Sans grande surprise, l’enquête met en valeur un conflit générationnel opposant les aînés aux jeunes. 79% des personnes âgées de plus 65 ans souhaitent que le «No Bra» cesse, alors 51% des jeunes entre 18 et 29 ans le plébiscitent. Ce fossé d’opinions se constate pour chacune des autres tenues évoquées, exception faite du débardeur laissant apparaître les bretelles du soutien-gorge qui, lui, obtient les faveurs de toutes les générations. La morale religieuse participe également de ces prises de positions – par exemple, les sondés de confession catholique (69%) et musulmane (73%) sont plus nombreux que ceux sans religion (61%) à désirer interdire le port du «haut sans soutien-gorge au travers duquel la pointe des tétons est visible».

En vidéo, «le vêtement ne doit pas être un facteur ni de discrimination, ni de stigmatisation»

Un clivage de genre révélateur

L’enquête dresse un autre constat, plus surprenant : il existe «un clivage de genre très net révélateur de l’ancrage des injonctions à la pudeur dans la gent féminine.» 73% des femmes interrogées refusent le non-port du soutien-gorge au lycée, contre 58% des hommes sondés. Des chiffres étonnants, soulignent les auteurs de l’étude, au regard du combat des féministes des années 1960 qui voulaient, au contraire, brûler le symbole de l’oppression vestimentaire imposée aux femmes. Le crop-top ne fait pas non plus l’unanimité puisque plus de 61% des Françaises souhaitent l’interdire (contre 49% des hommes). Tout comme le décolleté.

En juillet dernier, l’institut de sondage avait amorcé un début de réponse à ces freins, révélant la peur des jeunes femmes de moins de 25 ans qui redoutent «d’être l’objet d’agression physique ou sexuelle» en adoptant le «No Bra» mais aussi le profond ancrage de la «culture du viol» dans notre société.

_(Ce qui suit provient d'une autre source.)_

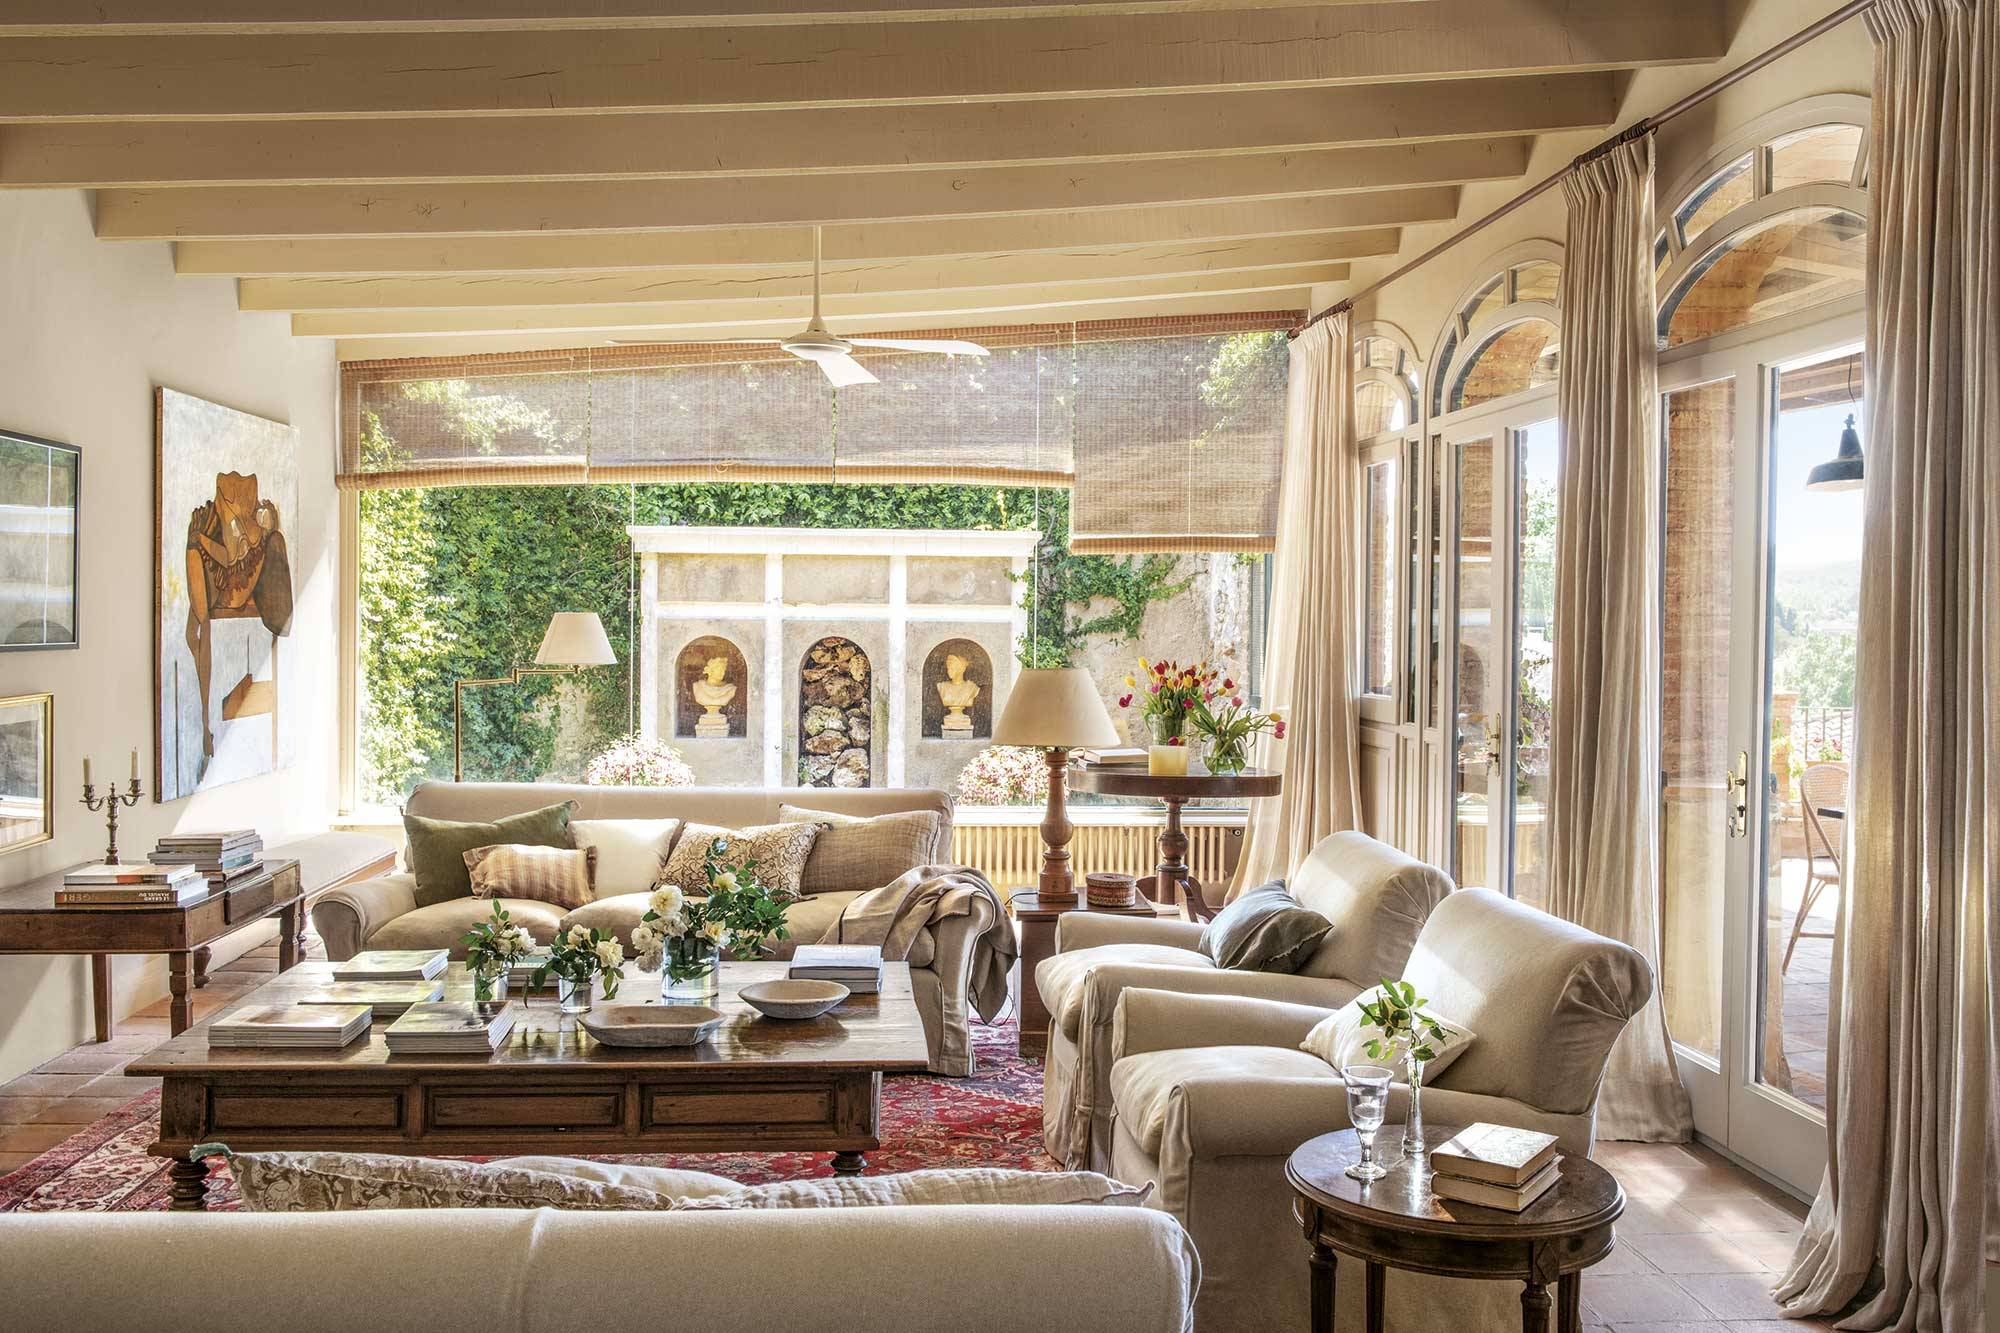 Salón de estilo clásico con sofás beige y muebles de maderas nobles.

En revanche, les positions s’avèrent moins tranchées concernant les vêtements dévoilant les jambes des lycéennes. Les Français ont un avis très partagé concernant le port du mini-short ou de la mini-jupe. 56% des Français s’opposent au premier mais plus de 51% sont favorables à la jupette ou encore aux robes moulantes. Si ces vêtements n’ont pas leur place en milieu scolaire pour les anciennes générations, la mini-jupe provoque aussi «des réactions symptomatiques d’une vision très sexualisée» chez les jeunes (58% d’opposants chez les moins de 35 ans).

«Pour ces adultes qui comptent nombre de parents dans leurs rangs, ce mouvement semble plutôt soulever la difficulté à gérer le droit des filles à afficher leur féminité dans un cadre où ils estiment – à tort ou à raison – que l’institution scolaire ne sera pas en mesure de les protéger des agressions que leur liberté vestimentaire pourrait susciter», conclut François Kraus de l’Ifop.

(1) L’enquête Ifop a été menée pour le magazine Marianne sur 2027 personnes représentatives de la population âgée de 18 ans et plus, résidant en France métropolitaine, et via un questionnaire auto-administré en ligne du 18 au 21 septembre 2020.